A review by markk
Helmet for My Pillow: From Parris Island to the Pacific by Robert Leckie

3.0

I first learned of this book when I read that it was being used as one of the sources for a new miniseries about the Pacific theater in the Second World War. Having enjoyed the other source material being used, E. B. Sledge’s superb memoir, [b:With the Old Breed: At Peleliu and Okinawa|771332|With the Old Breed At Peleliu and Okinawa|Eugene B. Sledge|https://images.gr-assets.com/books/1297640051s/771332.jpg|757389], I decided to track down a copy of Leckie’s account and read it for myself. Because of this, I found myself comparing the two works as I read it, which influenced my overall opinion of the book.

In many ways, the experiences of the two men were similar. Both were civilians prior to the Second World War; Leckie enlisted in the Marines a month after the Japanese attack on Pearl Harbor. His account of basic training feels incredibly authentic, in part because of his attention to details. Leckie captures much of the mundane minutiae of learning how to be a Marine, from the bureaucratic experience of inoculation to the quest for a good time on leave. This sense of authenticity continues as he describes his deployment to Guadalcanal with the First Marine Division and his engagement with the war there. These experiences form the best part of the book, as his initial encounter with life as a Marine in both training and war reflect his interest in the novelty of it all.

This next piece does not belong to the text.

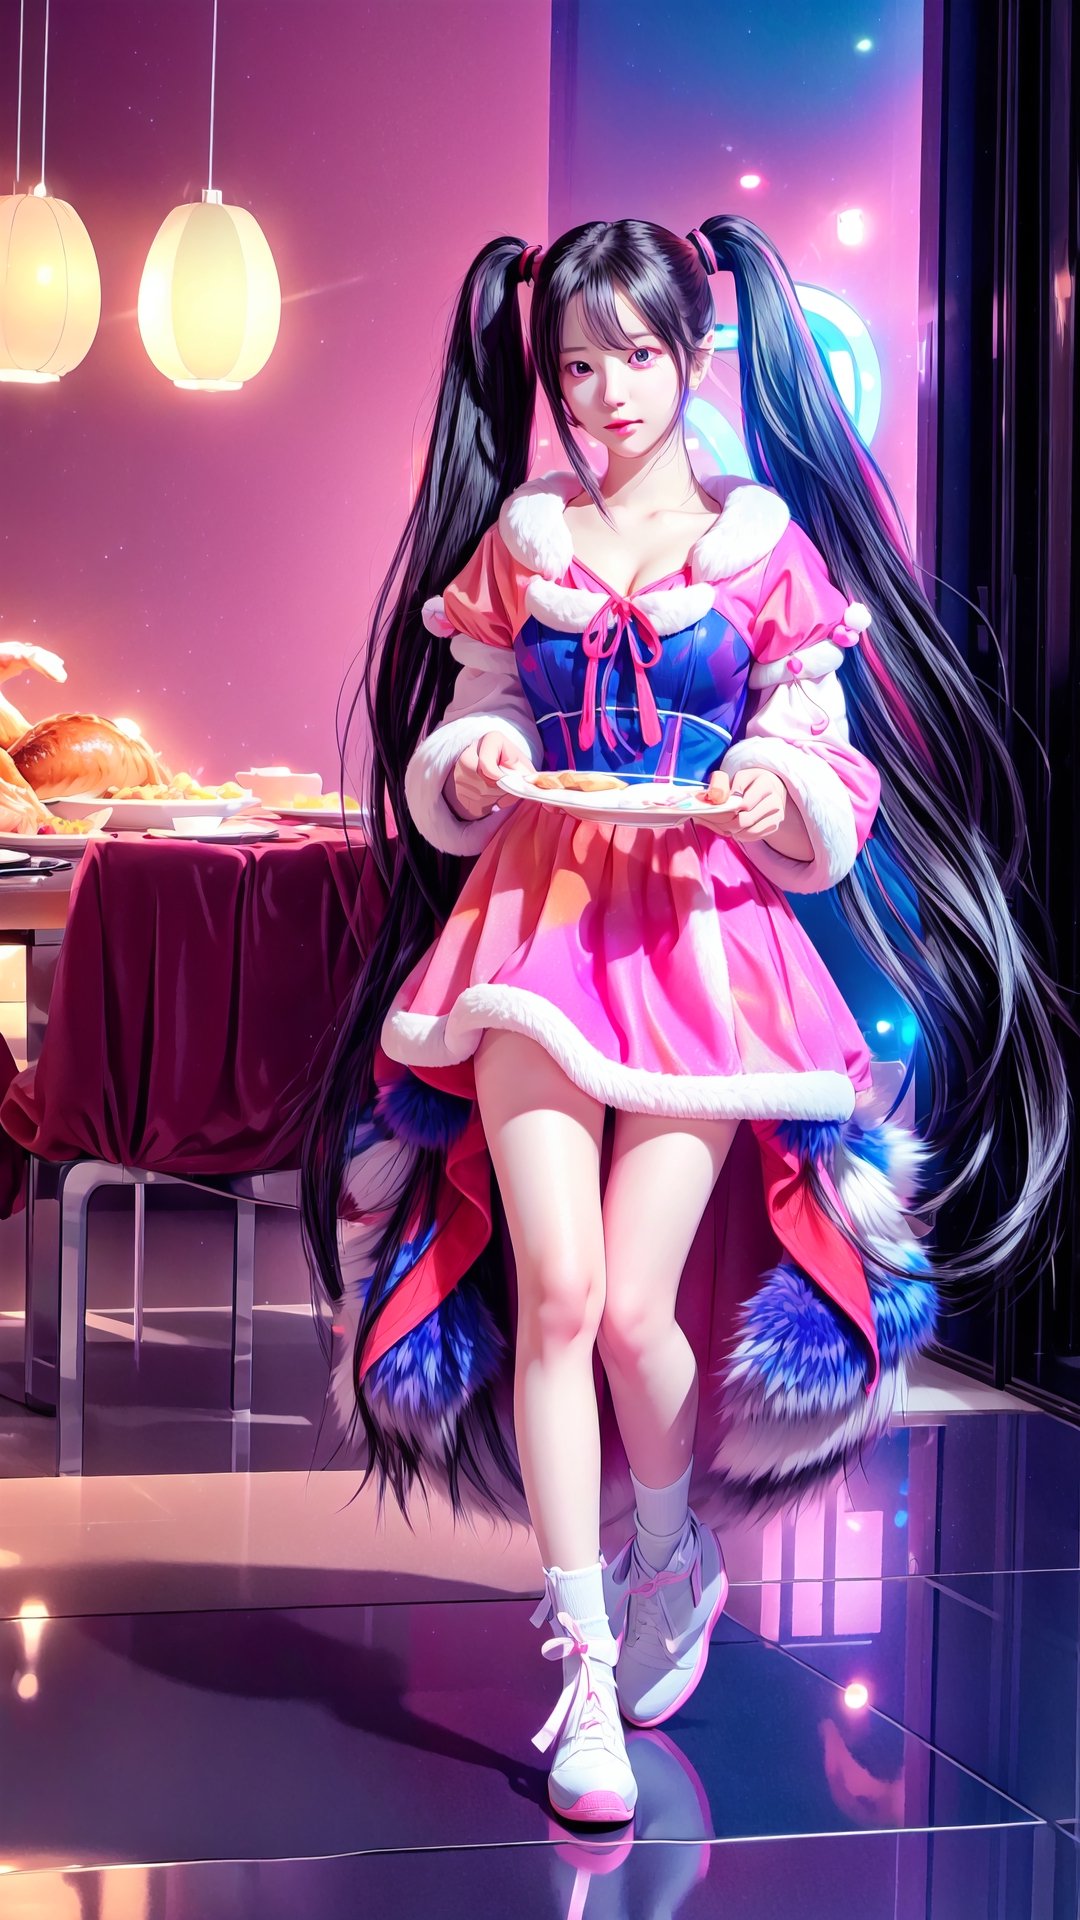 full body, ultra-detailed anime artwork ,, twintails, big eyes, cute full lips, lip gloss, fine dark skin, vibrant colors, elegant, carrying a plate of thanksgiving turkey, dramatic, dining room with neon light, sheer dress with fur ,High detailed ,raidenshogundef,monadef,Color magic,1 girl,Saturated colors,Color saturation ,m_kayoung,bibilorashy,nana,goyoonjung,iu,hyojoo,sohee
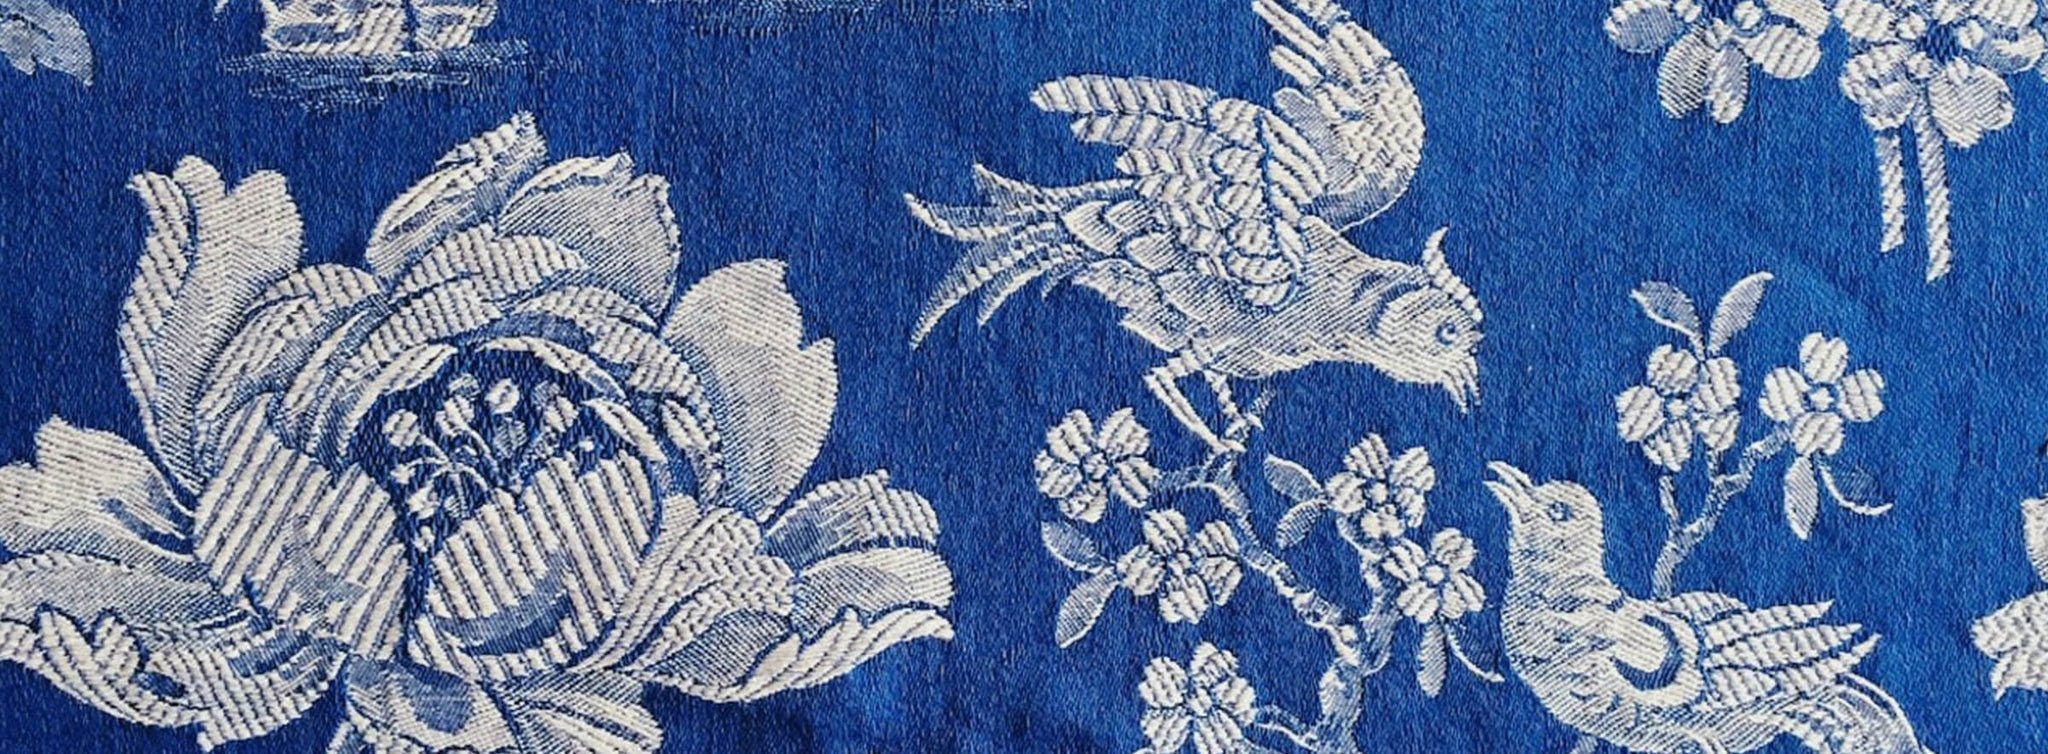 Ticking Depot | Recovered Antique Damask Ticking Fabric | Old Ticking Fabric From Europe Blue Chinoiserie

From Guadalcanal, Leckie’s unit was returned to Australia for rest and refitting. This transformation into what he calls a “lotus-eater” also bears a real sense of verisimilitude, as unlike many memoirs of war he does not gloss over the search for release that often characterized breaks from the battles. It is here, though, that his account flags a little, and his return to combat in New Britain as part of Operation Cartwheel was perhaps the least interesting part of the book. The book improves with his subsequent experiences in the hospital in Banika and his final, abbreviated deployment to Peleliu, which ended with his injury and return to the States for the duration of the war.

Reading this book, it is easy to see why it stands out as an account of the Second World War. Leckie’s prose brings alive both the mundane routines of service and the violence of combat. It is when he is between the two that the book suffers, as his efforts at evocative prose about his surroundings in the jungle suffer from being a little overwrought, particularly in comparison to Sledge’s plainer, more straightforward descriptions. Yet both need to be read for a fascinating portrait of what the war was like for the “new boots” who gave up their lives as civilians to fight in the humid jungles and barren islands of the Pacific.